Appreciative fans lit up social media on July 7 when it was announced the group is presenting a virtual concert at 5 p.m. Friday, July 17. The event will be set at The Brightside in Dayton.

Tickets are $20 in advance, $25 day of show at https://noonchorus.com/brightside-gbv. The online admission includes on-demand streaming for 96 hours after the show. The band partnered with The Brightside and more than 30 other venues in the United States, as well as in London and Toronto, for online ticket sales. Each venue receives 20 percent from every ticket they sell.

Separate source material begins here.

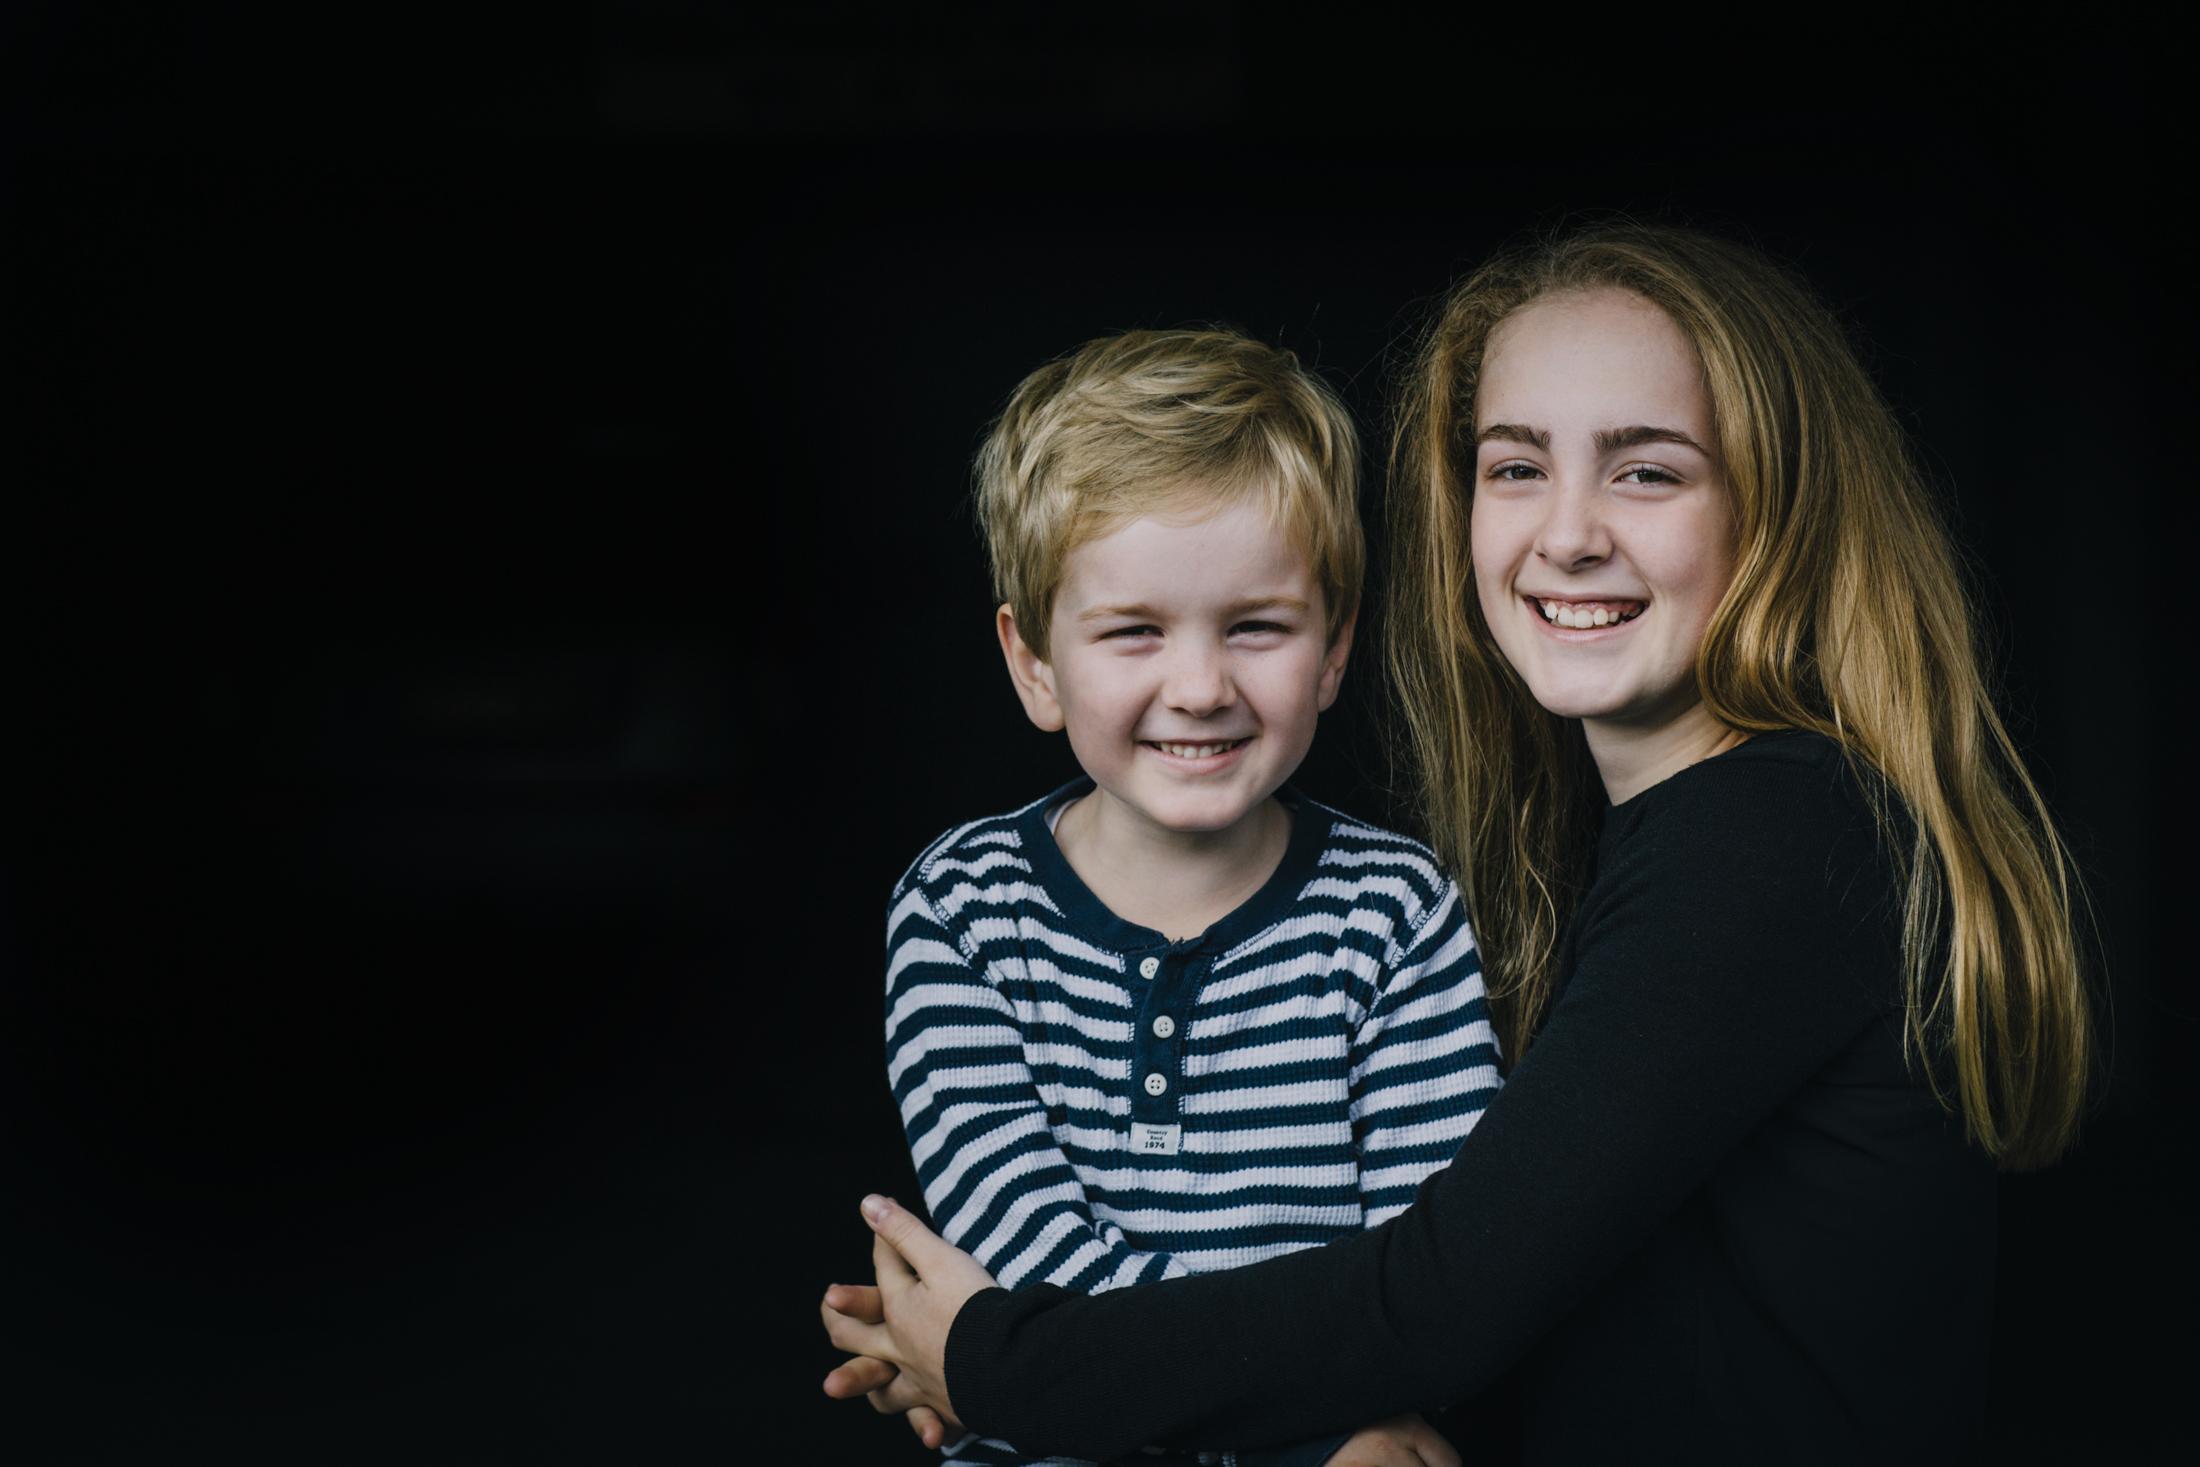 mark_taylor_sydney_family_photography_morffew-16.jpg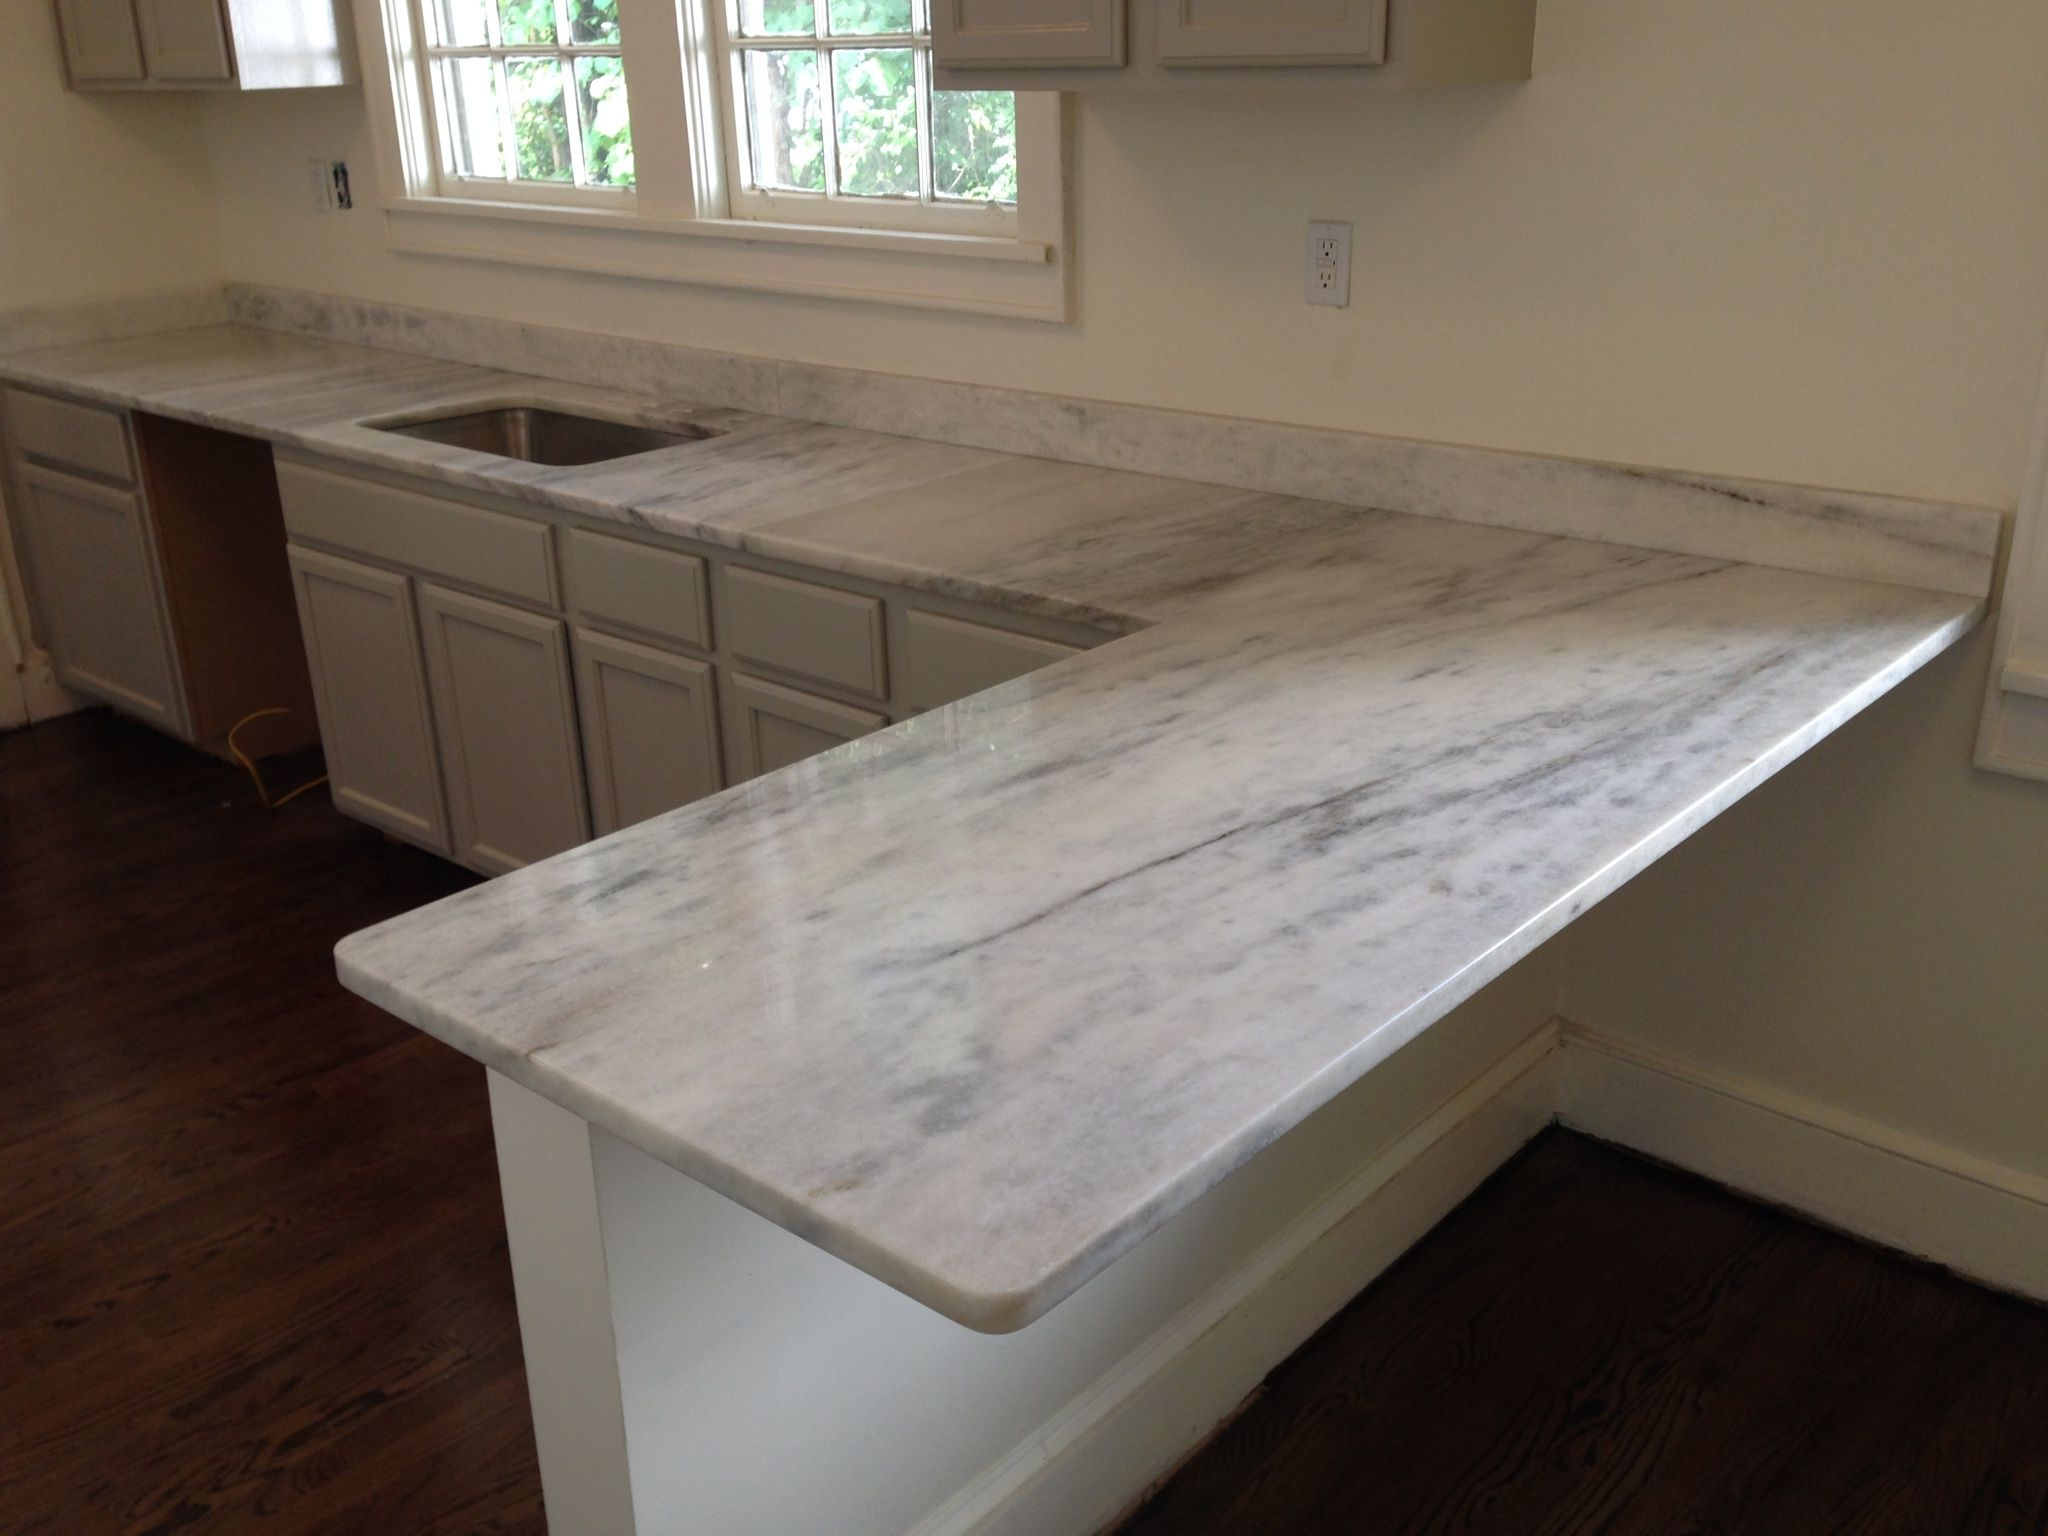 marble kitchen countertops Marble kitchen countertops Kitchen ideas Marble kitchen countertops White marble Similar to

This one-time, professionally-produced event should be a nice consolation for ticket-holders denied the opportunity to see Guided By Voices at now canceled events like the Winnipeg Folk Festival in Canada and Springsfest in Yellow Springs. In addition to upcoming theater shows postponed in Maryland, Pennsylvania, California, Missouri and Connecticut, the group also had to cancel September’s annual Heedfest weekend, which brings rabid followers from throughout the world to Dayton to celebrate all things Guided By Voices.

If you’re curious but still unfamiliar with the indie rock stalwarts known for a dizzying number of releases and three decades of frenzied, booze-fueled, three-hour performances, an at-home concert experience could be the best, and safest, entry point.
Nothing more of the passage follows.